By Laura U. Marks
In contact, Laura U. Marks develops a serious technique extra tactile than visible, an intensely actual and sensuous engagement with works of media paintings that enriches our realizing and adventure of those works and of paintings itself. those serious, theoretical, and private essays function a advisor to advancements in nonmainstream media artwork in past times ten years-sexual illustration debates, documentary ethics, the shift from analog to electronic media, a brand new social obsession with scent. Marks takes up famous artists like experimental filmmaker Ken Jacobs and mysterious animators the Brothers Quay, and introduces groundbreaking, lesser-known movie, video, and electronic artists. From this emerges a materialist theory-an embodied, erotic courting to paintings and to the realm. Marks's process ends up in an appreciation of the works' mortal our bodies: film's unstable emulsion, video's fragile magnetic base, crash-prone internet paintings; it additionally bargains a effective replacement to the preferred realizing of electronic media as "virtual" and immaterial. Weaving a continual cloth from philosophy, fiction, technological know-how, desires, and intimate event, contact opens a brand new global of artwork media to readers. Laura U. Marks, affiliate professor of movie reviews at Carleton collage, Ottawa, is a critic and curator of artists' self sustaining media. She is the writer of the surface of the movie (2000).
Read or Download Touch: Sensuous Theory and Multisensory Media PDF
Best movies books
Landscapes of loss: the national past in postwar French cinema
The best way each ecu kingdom after the WW2 reacted dealing with the internal and outer demons the bloody strains sealed in upon the collective subconscious, obviously diversified from kingdom in kingdom. whereas Italy determined to make a profound revision of its personal nature (The Italian Neo-realism) or Germany (supported via a fabulous literary flow and the intense elevating of memorable administrators corresponding to Fassbinder, Herzog, Wenders, Kluge, Schlondorff or Aldon), France due in nice half to their a number of creative traits, did not' t react because it have been, unanimously at the similar means.
The outline for this booklet, movie within the air of secrecy of paintings, can be impending.
Confronting Modernity in the Cinemas of Taiwan and Mainland China
Regardless of transformations within the political, social, and monetary platforms of Taiwan and mainland China, the method of modernization in either has challenged conventional cultural norms. Tonglin Lu examines how transformations in cultural formation among Taiwan and China have stimulated reactions to modernity and the way cultural id has taken diverse types on each side of the Taiwan straits.

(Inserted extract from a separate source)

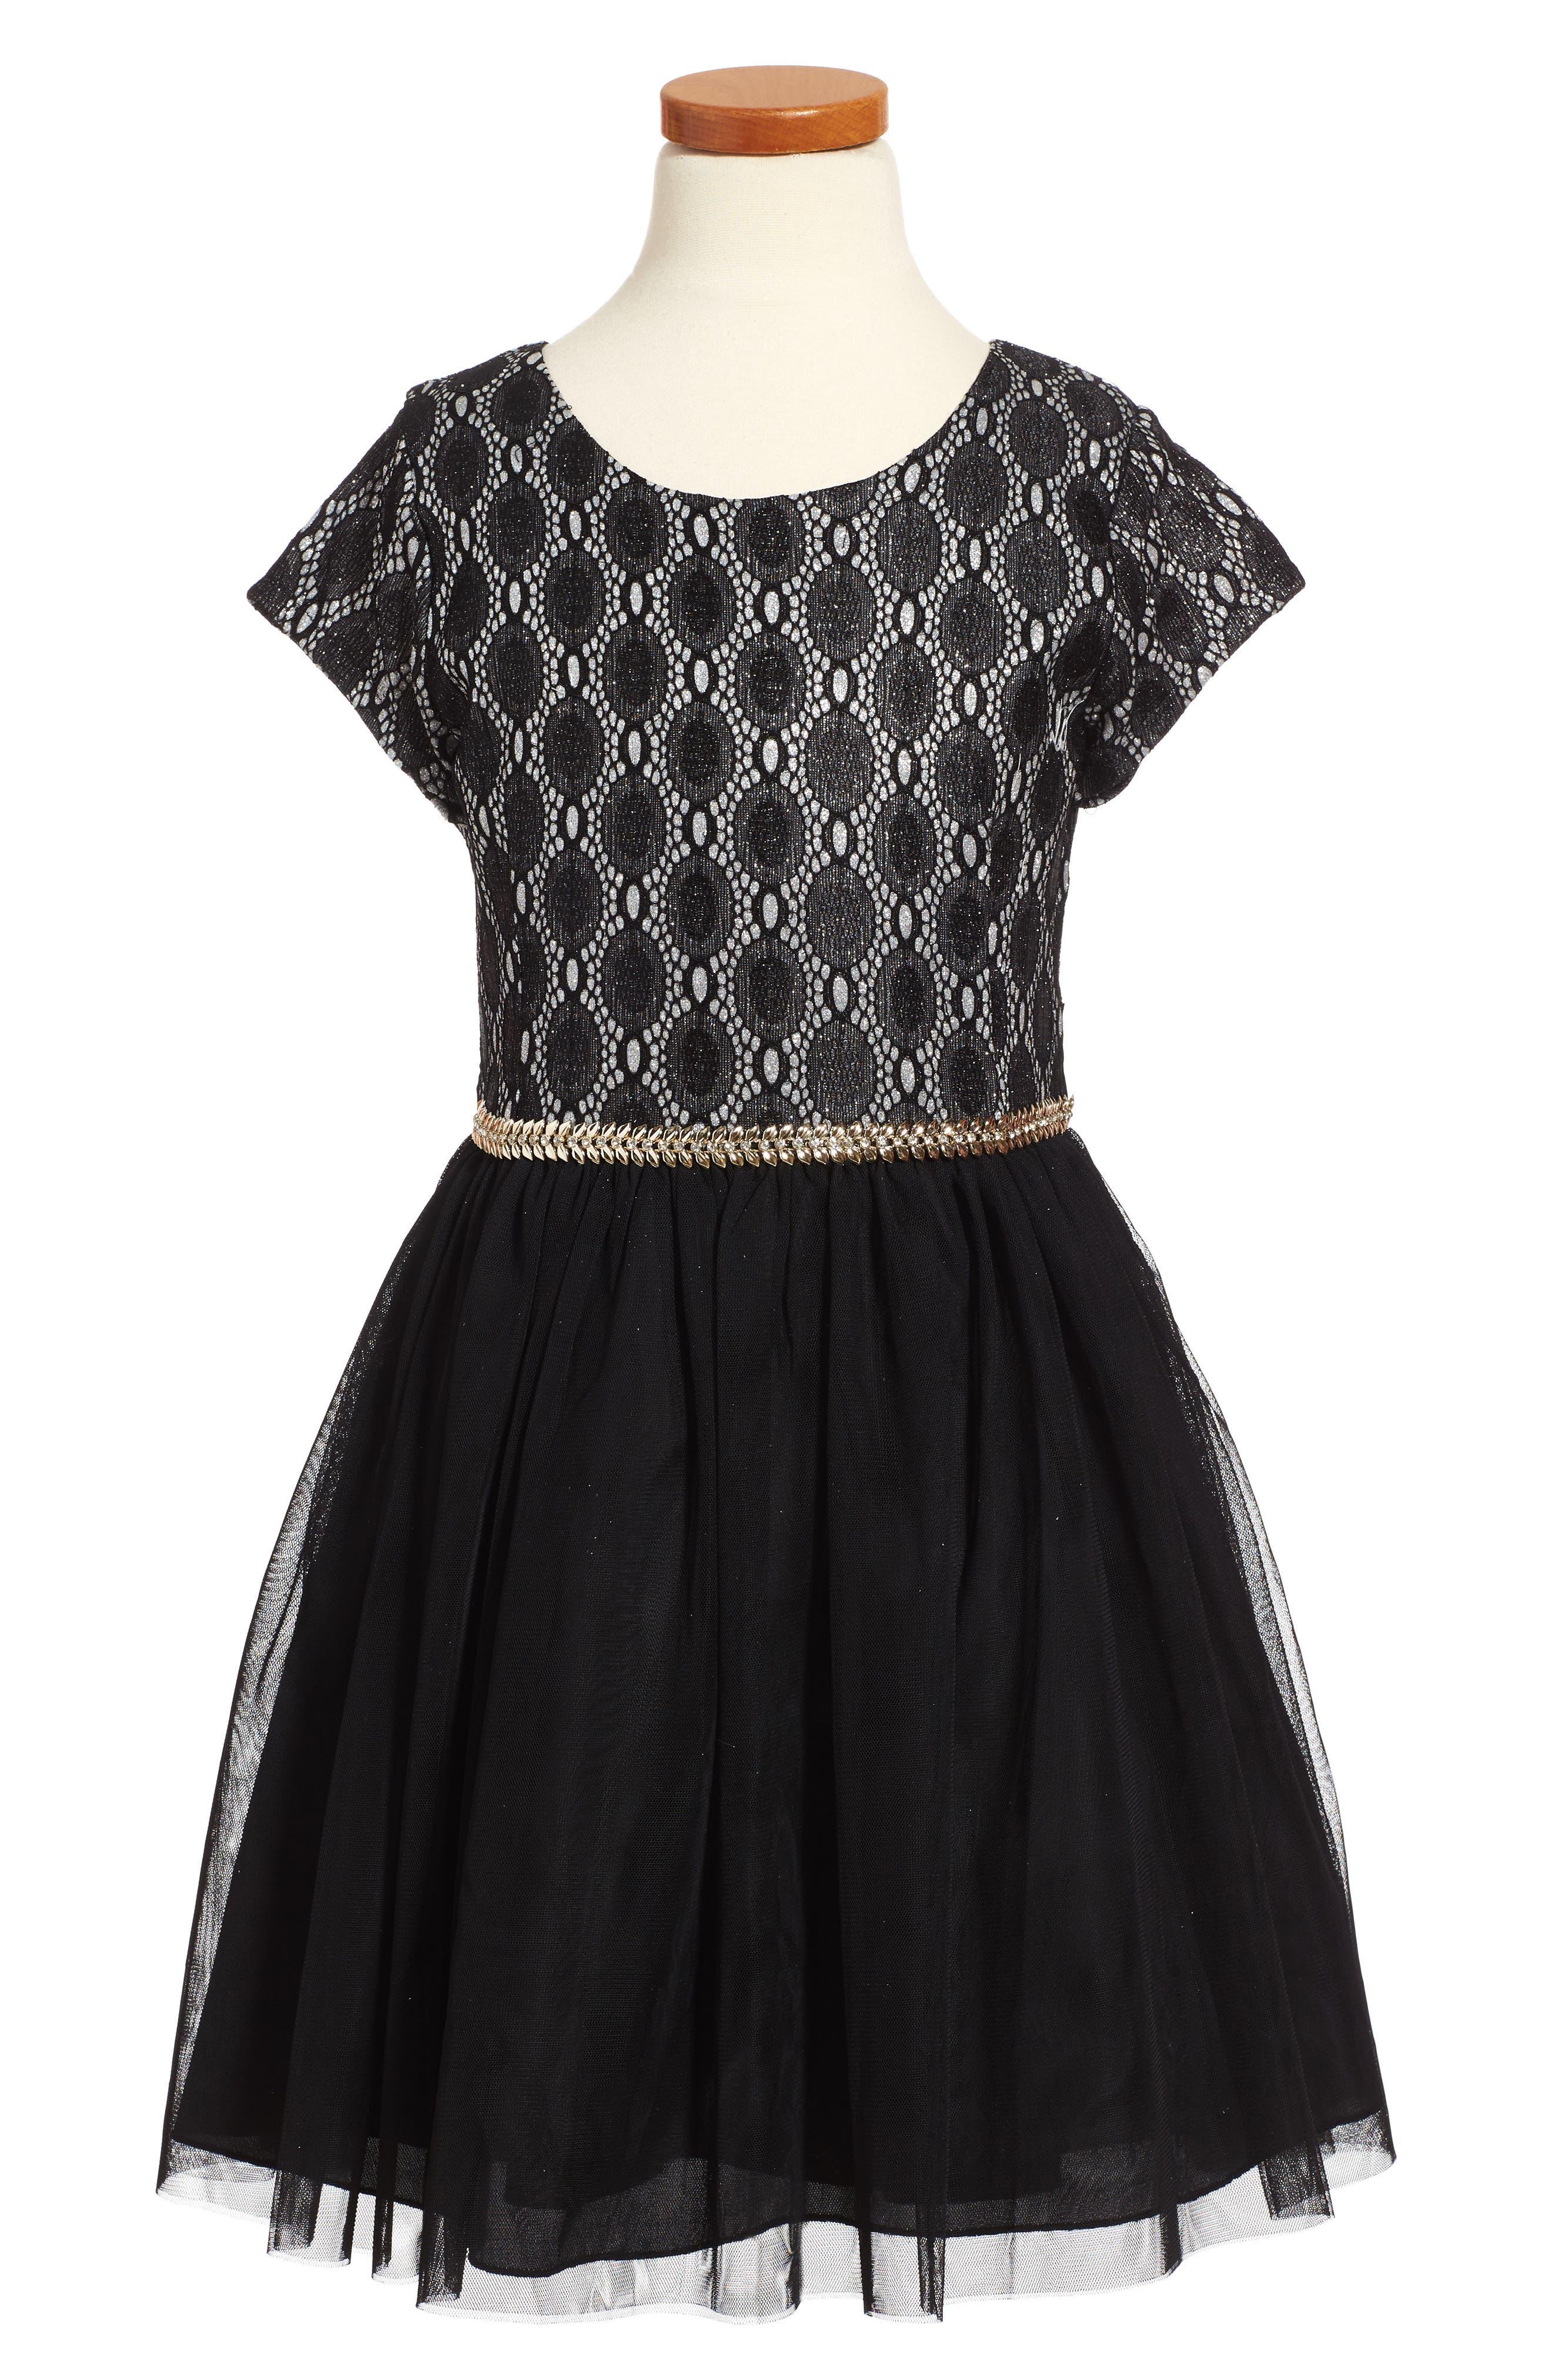 Main Image - Nanette Lepore Glitter Lace Dress (Big Girls)

Screening the Beats: Media Culture and the Beat Sensibility
Movie critic David Sterritt’s Screening the Beats: Media tradition and the Beat Sensibility showcases the social and aesthetic viewpoints of lynchpin Beat writers Jack Kerouac, William S. Burroughs, and Allen Ginsberg, juxtaposing their artistry with Fifties tradition and reaching what Kerouac may need known as a bookmovie” riff.
- Saying It With Songs: Popular Music and the Coming of Sound to Hollywood Cinema
- The German Patient: Crisis and Recovery in Postwar Culture (Social History, Popular Culture, and Politics in Germany)
- Early American Cinema in Transition: Story, Style, and Filmmaking, 1907-1913
- Literature and Film in the Third Reich
- Hollywood Incoherent: Narration in Seventies Cinema
- British Cinema of the 1950s: The Decline of Deference
Additional resources for Touch: Sensuous Theory and Multisensory Media
Sample text
However, each of the seven meditations concludes with shots of clear-cut forests and macabre dioramas of indigenous wildlife from a natural history museum. MacDonald sets up a melancholy contrast between two sorts of stationary-camera shots: those of living mountains, where the movements of cloud and shadow gradually alter the face of the slope, and those of the dead, stuffed creatures gradually gathering dust in the museum. Perversely, the dioramas are as chock-full of “human” qualities as stills from a s TV sitcom.
MacDonald sets up a melancholy contrast between two sorts of stationary-camera shots: those of living mountains, where the movements of cloud and shadow gradually alter the face of the slope, and those of the dead, stuffed creatures gradually gathering dust in the museum. Perversely, the dioramas are as chock-full of “human” qualities as stills from a s TV sitcom. Family groups of deer or of foxes pose in perpetuity, with dad at the head of the patriarchal pyramid; a single tableau captures bears, geese, and mountain goats in mid-activity like so many Saturday-morning shoppers; the dead animals’ glass eyes gleam with intelligence.
The second part, though, definitely happened. 8 The tape’s superior, épater le bourgeois attitude makes Feingold’s critique hard to countenance. Nevertheless, it deftly questions the Western hierarchy that thinks nothing of uprooting a person from his home and bringing him across the world to study, but reacts with horror to the notion that man’s best friend also makes a good main course. Another dog-as-dinner tape takes on these issues from a quite different perspective. Michael Cho’s Animal Appetites () documents the Still from Un Chien Délicieux (1991), by Ken Feingold.